Scan Results-As one of the most important crossroads of global trade, Panama has taken steps over the past five years to become an even bigger player in international commerce. The national government has adopted policies to encourage business development and provide Panama with competitive advantages over other Latin American countries. When the United States turned the canal over to the Panamanians in 1999, the canal's role in Panama's national economic strategy changed. While the United States viewed the canal primarily from a strategic defense perspective, Panama considered it an important economic resource that could be used to attract development. Major new container ports have been built on both coasts, free trade zones have been created, and the combination of being a nexus of intercontinental fiber optic cables and a center of commerce has created an economy focused on service provision. Indeed, the Panamanian economy is 80 percent service oriented, the highest percentage of any developing country in the world.

PANAMA
Population
2.9 million
2001 GDP
$10.2 billion
Exports/GDP
32.7%
Trade as share of GDP
42.9%
U.S. exports to:
$1.3 billion
U.S. imports from:
$290 billion
Canadian exports to:
C$38 million
Canadian imports from:
C$10 million
Top exports: Bananas, shrimp, sugar, coffee, clothing

Not surprisingly, port development became a critical component of the government's policy to increase trade-related sectors of the economy.

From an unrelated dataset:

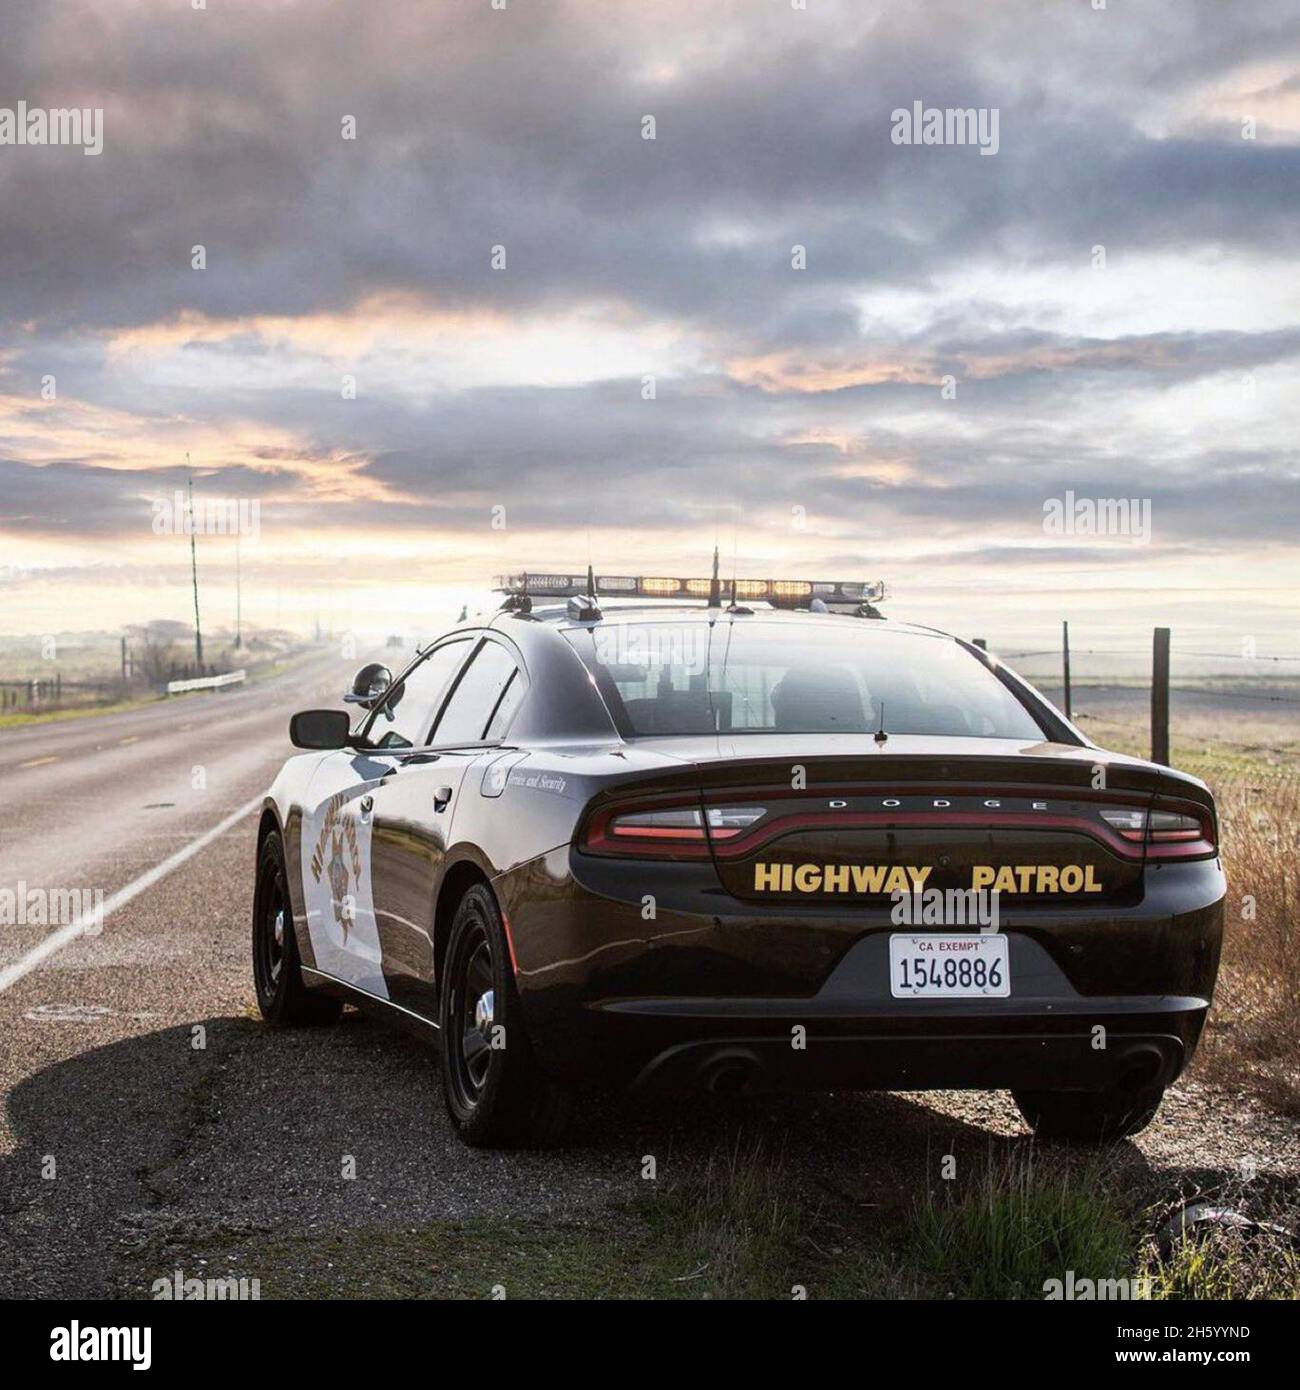 CHP roadside Dodge Charger ca. January 2021 Stock Photo

In 1994, the national government instituted a policy of port privatization that used concessions to private companies as the major means of encouraging private investment.

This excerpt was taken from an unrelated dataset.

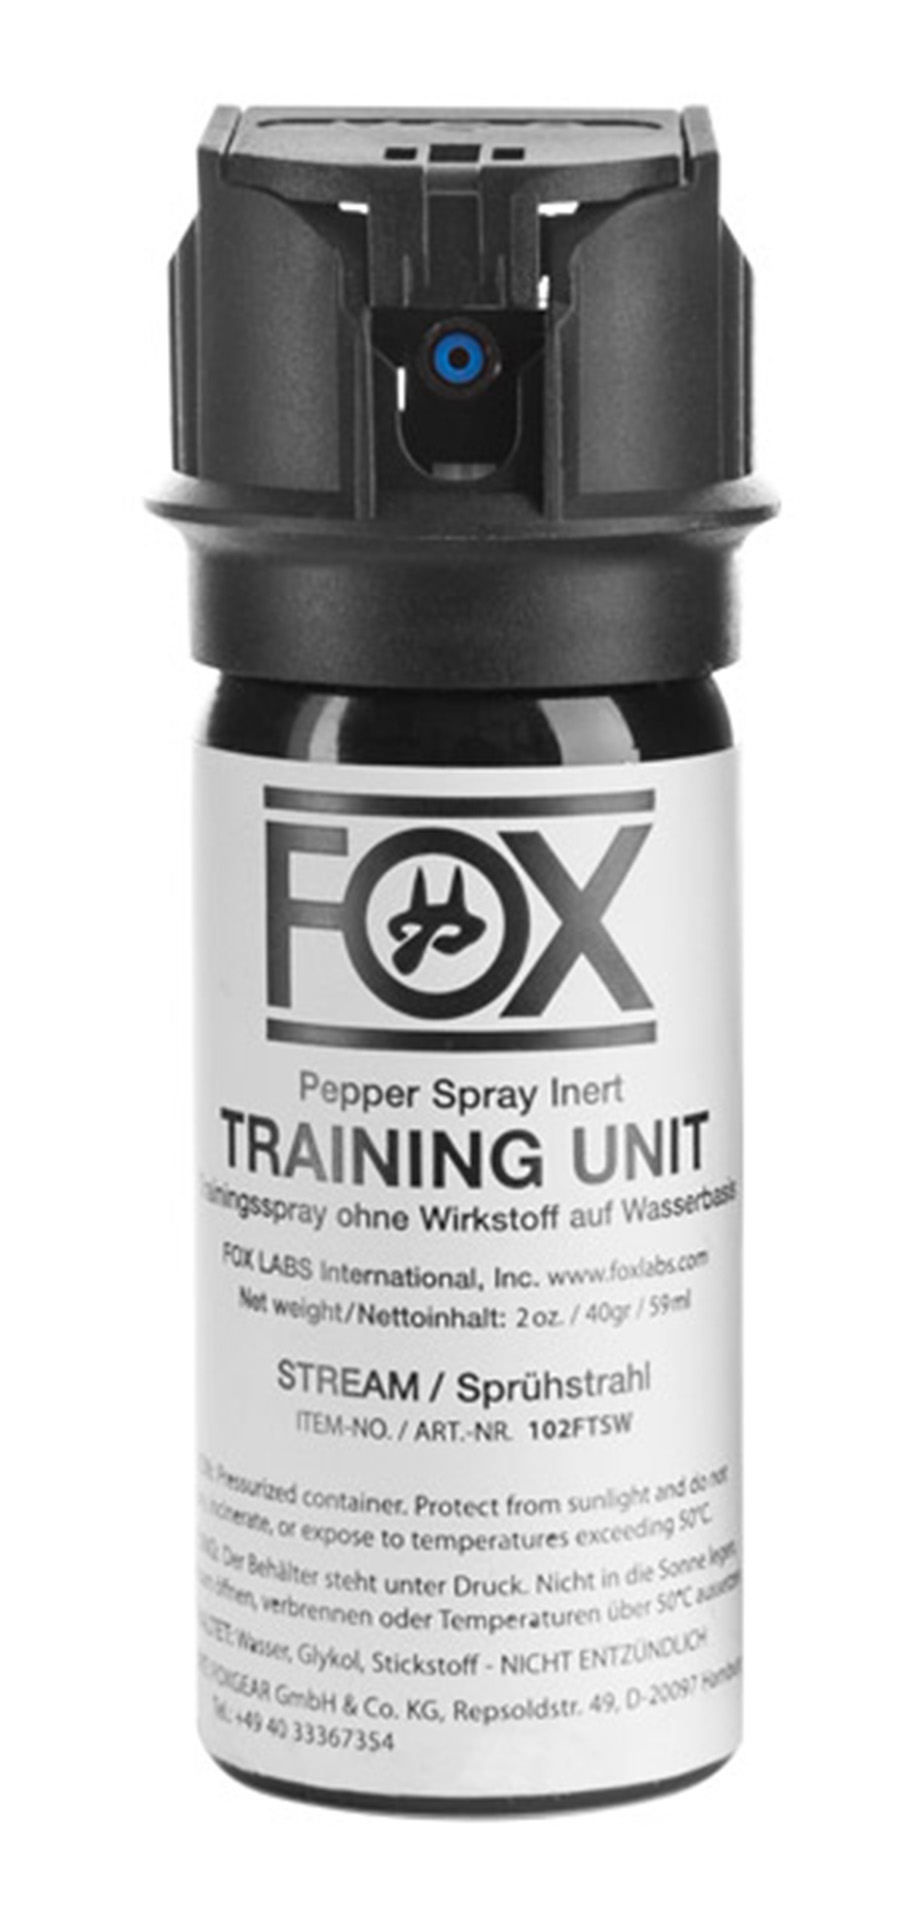 https://kwon.hu/wp-content/uploads/2020/09/Fox-Fox-Labs-Trainingsspray.jpg

This privatization program has been successful and Panama's port facilities are considered some of the finest in the world. As in other countries, though, labor unions were not part of the new system, so compensation had to be given to those who lost their jobs.

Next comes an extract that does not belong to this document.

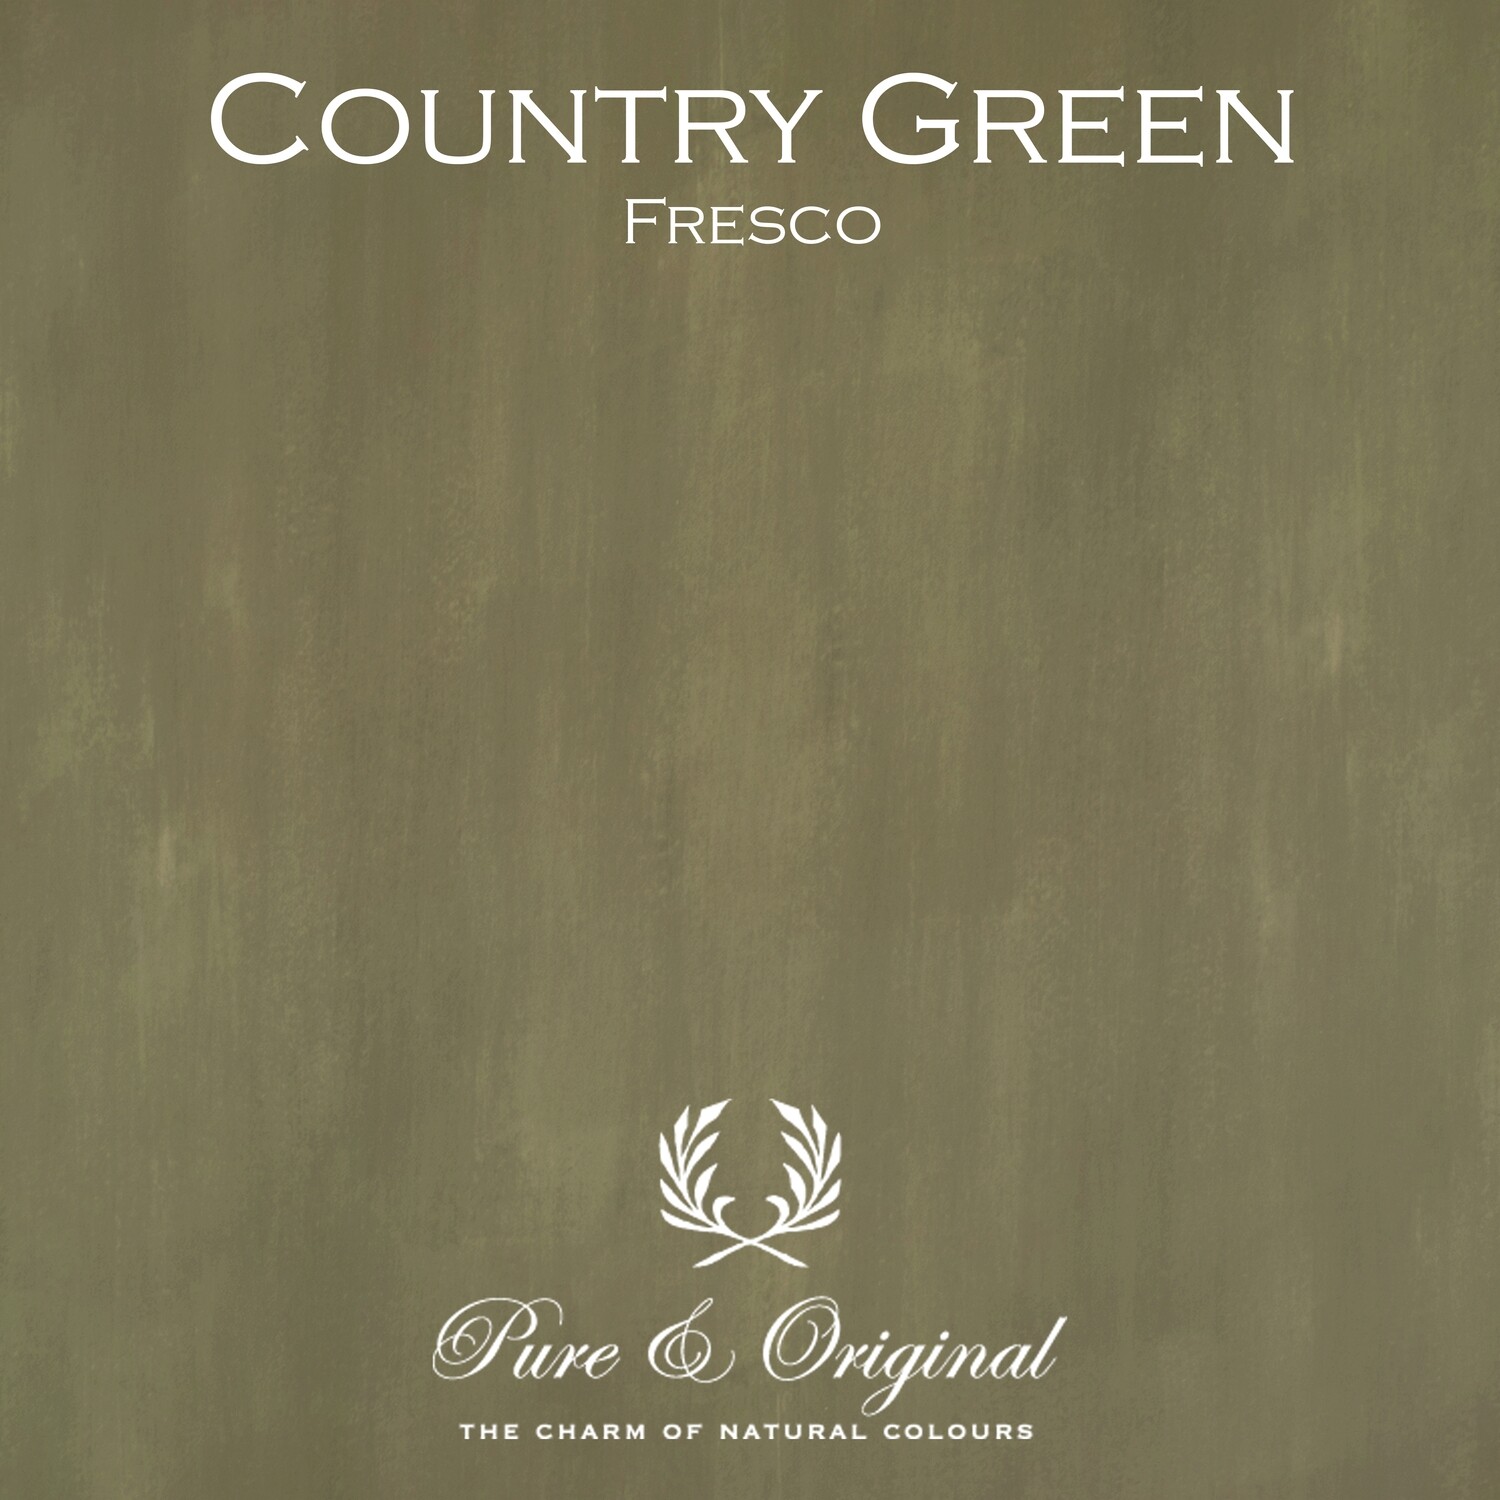 Country Green Fresco

Panama's road system has not received as much attention as maritime transportation. Not only national government officials see the need for improved road connections, but also business representatives and Panama Canal Authority officials. In particular, many of those the scanning team interviewed discussed the importance of the Pan American Highway. This road is the major north-south highway in the country and provides important connectivity in Central America. The government is investing $90 million to provide four lanes to Costa Rica, of which 87 miles (130 kilometers) still have two lanes. Government officials believe that when these scheduled improvements are finished, road connections to Costa Rica and Central America will be good. In southern Panama, the government is rehabilitating about 80 miles (120 kilometers) of highway to Colombia, but a 67-mile (100-kilometer) section through the Darien Gap has no road at all. The Darien Gap is one of the most difficult, and yet most environmentally important, terrains in the world. With dense jungles and swamps, it has been difficult to build any kind of infrastructure connecting Panama with Colombia. The Darien Gap is also considered a biological defense against organisms that thrive in South American environments and that would intrude on North American ecological systems if they could bypass the barrier the gap creates. One school of thought suggests the Darien Gap should not be penetrated with improved access to the south.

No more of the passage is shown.